Bela: The Embedded Platform for Ultra-Low Latency Audio and Sensor Processing

Bela, formerly known as BeagleRT, is an embedded hardware and software platform for creating musical instruments and interactive audio systems. Aimed at the maker community of hobbyists, engineers and electronic musicians, Bela features high-performance audio, analog and digital I/O on a small embedded computer board. The software environment features latency (delay) of less than 1ms, far lower than any comparable platform, and an easy-to-use development environment which loads in the user's browser.

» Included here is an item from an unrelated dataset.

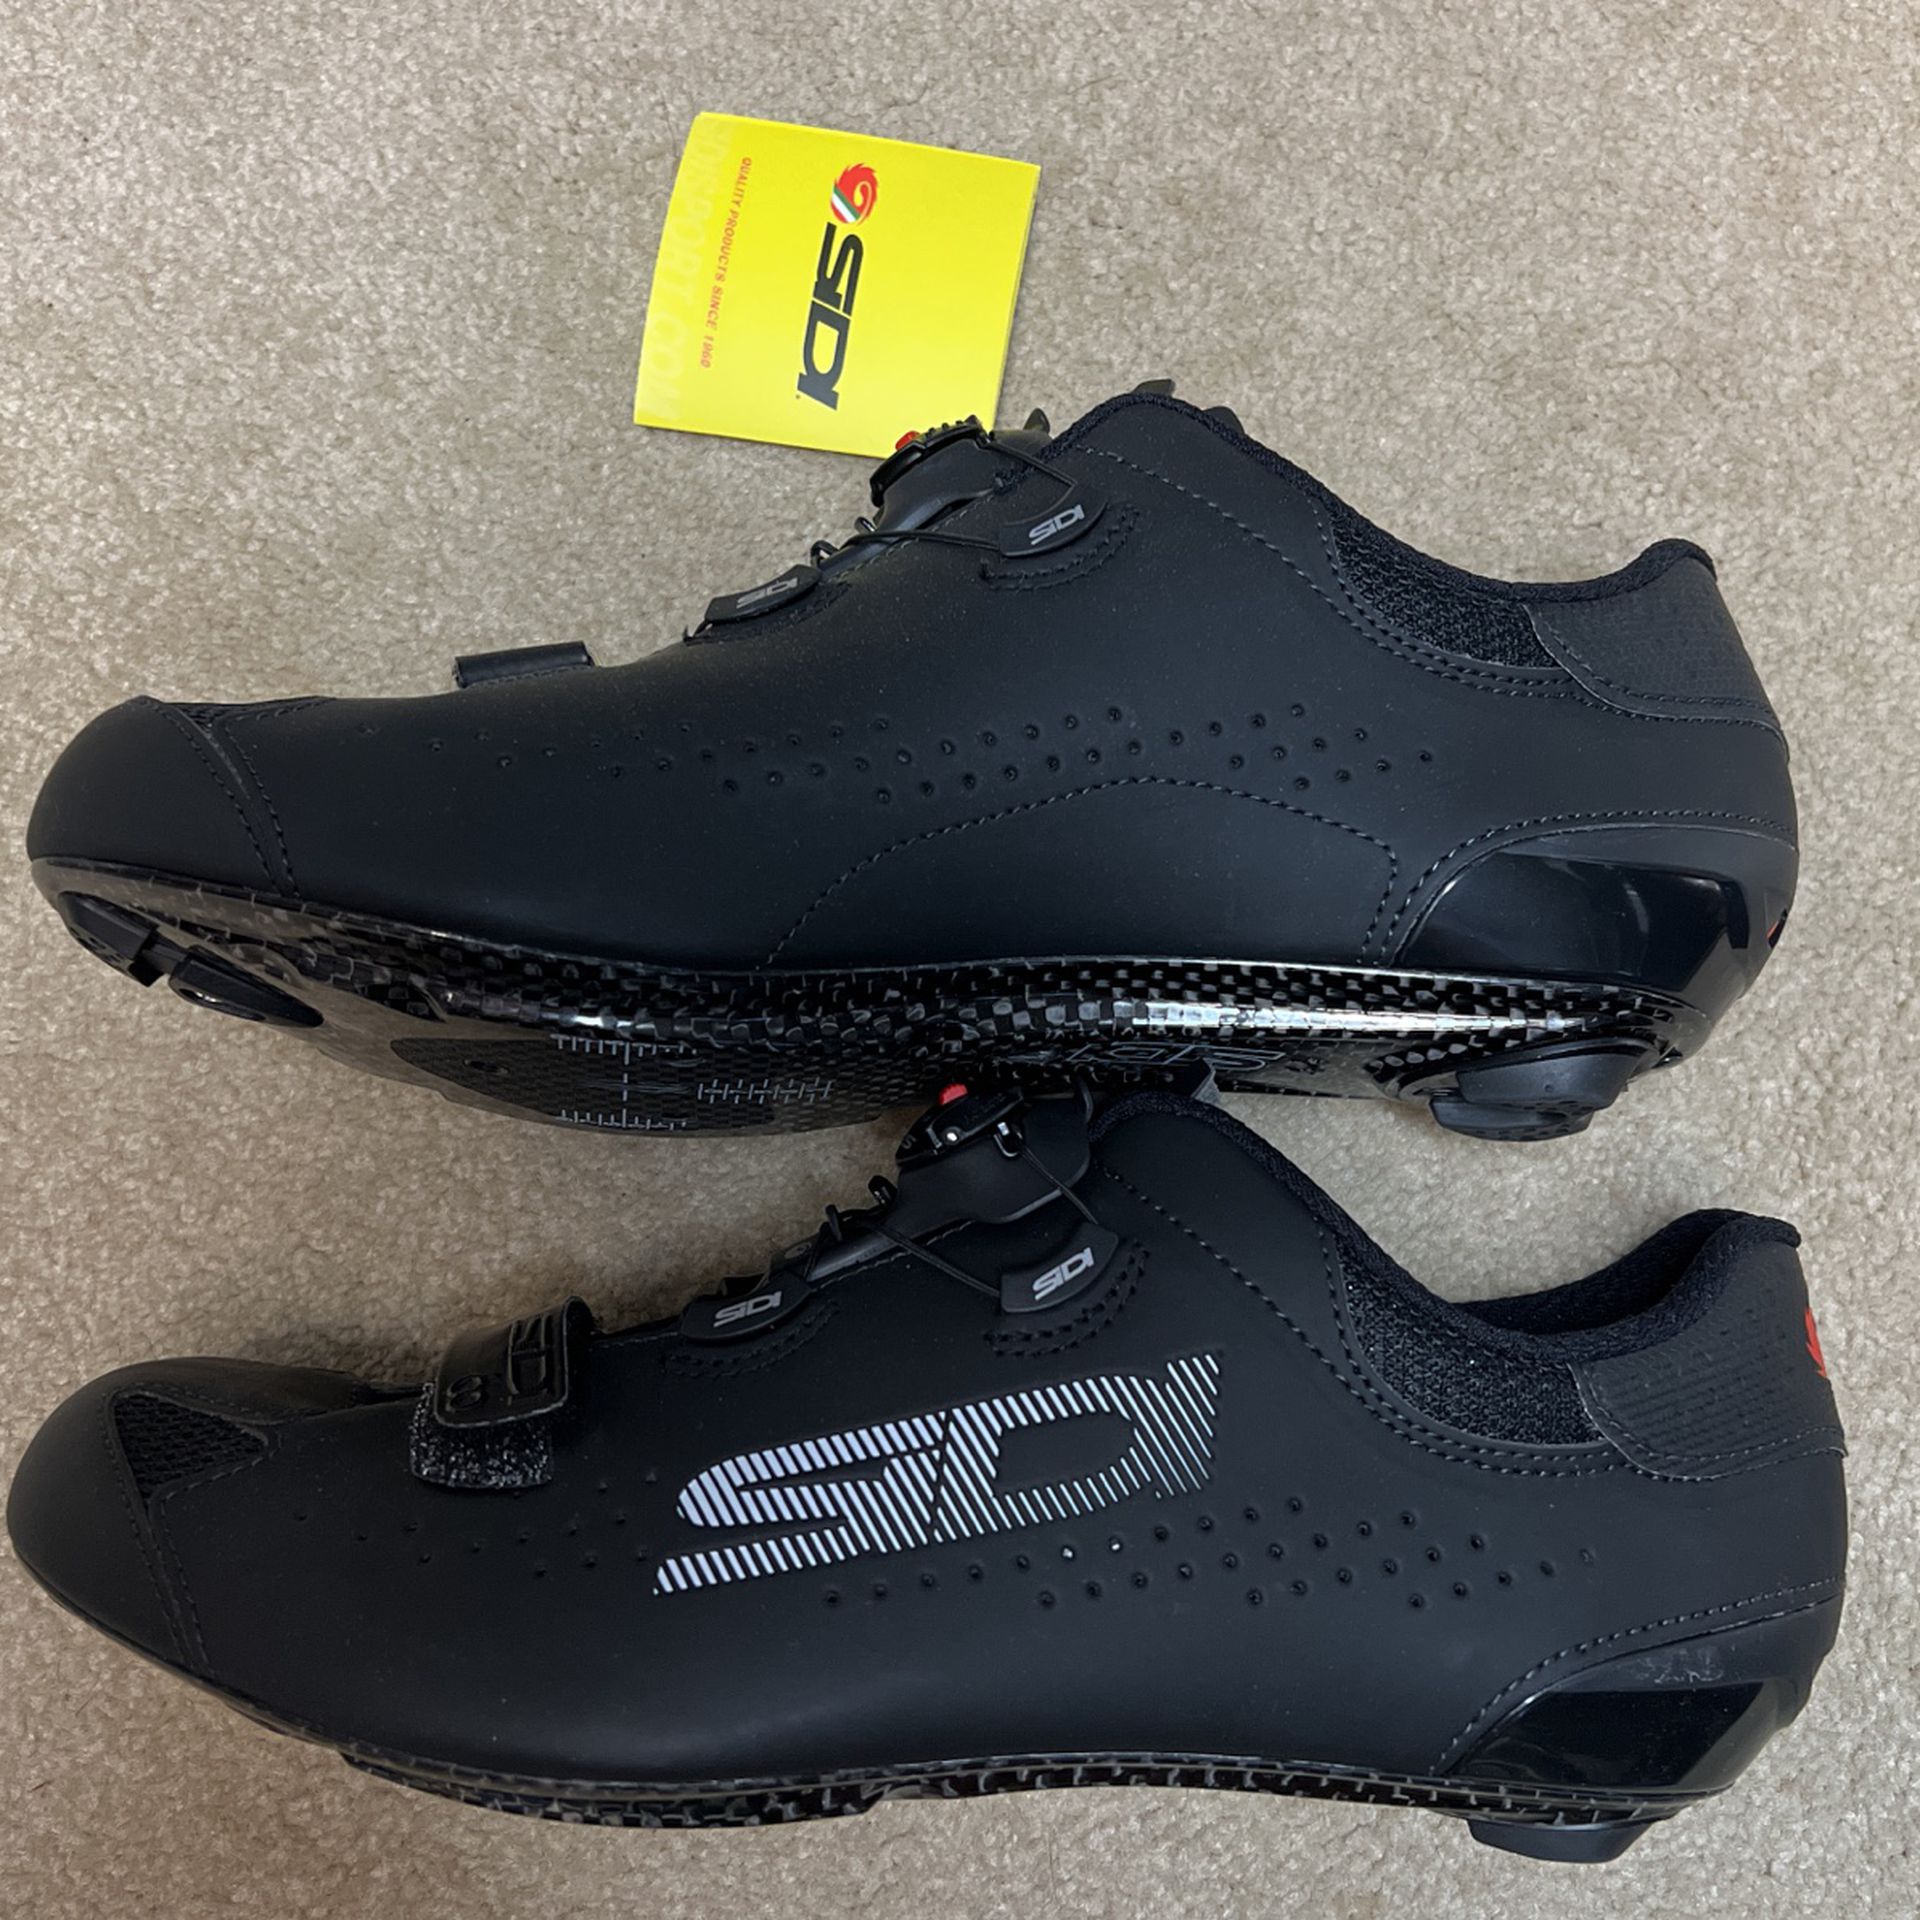 New Sidi Sixty Road Shoes Size 44
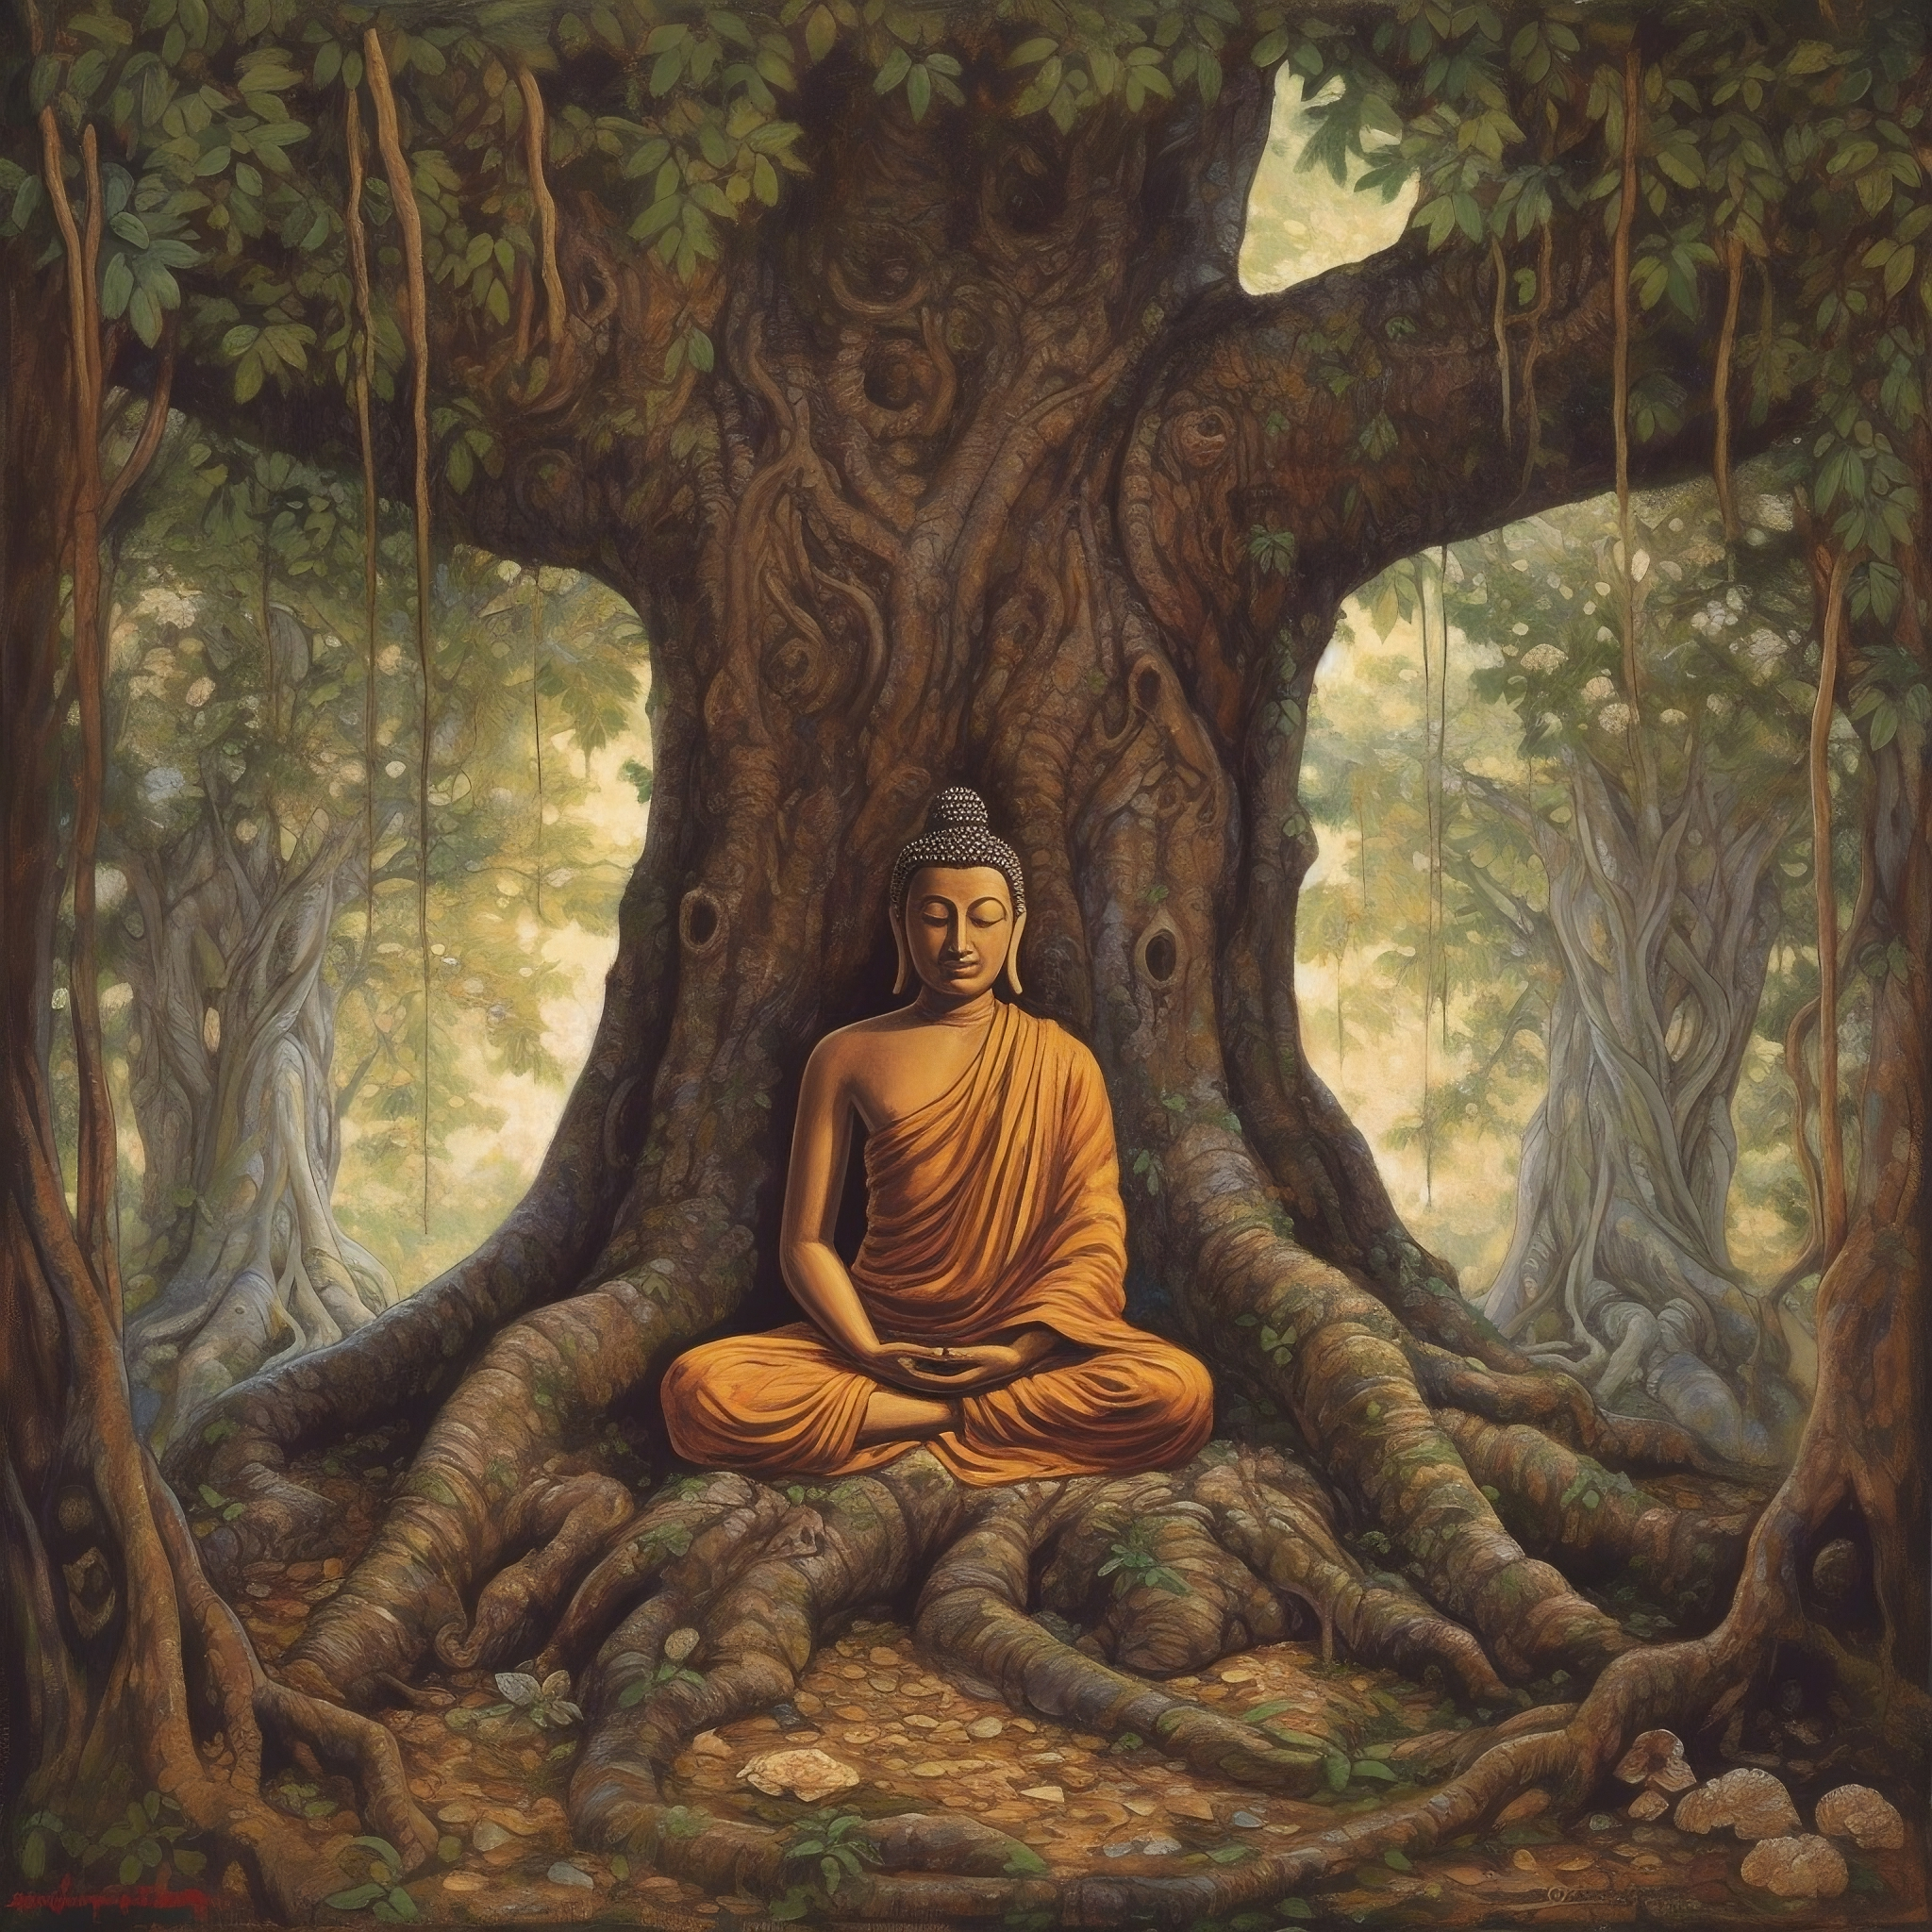 A Beautiful Print of Gautam Buddha Meditating Under an Old Vintage Banyan Tree

The Bruce Dickinson Award for Academic Entrepreneur of the Year 

This award is for an individual that has demonstrated significant in-year entrepreneurial activity.

Winner

Dr Hamit Soyel

Dragonfly is at the forefront of visual science, featuring an innovative biological computational model that replicates how the human eye and brain process visual information in the first few seconds of viewing content. Supported with initial funding from the college EPSRC funded Impact Acceleration Account, Dr Sovel undertook a secondment at Black Swan to help develop the product. Dragonfly soon took off within the company attracting lots of client interest.  

Finalists

Dr Josh Reiss

Dr. Reiss and his team have created intelligent processing tools that automate much of the audio production process. Novel systems were devised that exploit advances in audio engineering and knowledge of human sound perception in order to manipulate audio much the same way a professional would operate a mixing desk. A spin-out company based around this, LandR, was formed in 2012 with QMUL as a major shareholder. LandR has experienced continual and rapid growth in its user base, company size and valuation since founding.

Prof Morag Shiach

With an extensive experience of leading complex multi-partner projects, Dr Morag has been the director of Creativeworks London and is responsible for its successful trajectory. The platform, created in 2012, sought to provide a strategic overview of London’s creative economy in partnership with many existing national and local hubs and networks. It was a massive challenge as CWL had a unique opportunity to observe, research and support London’s changing relationship with the creative economy.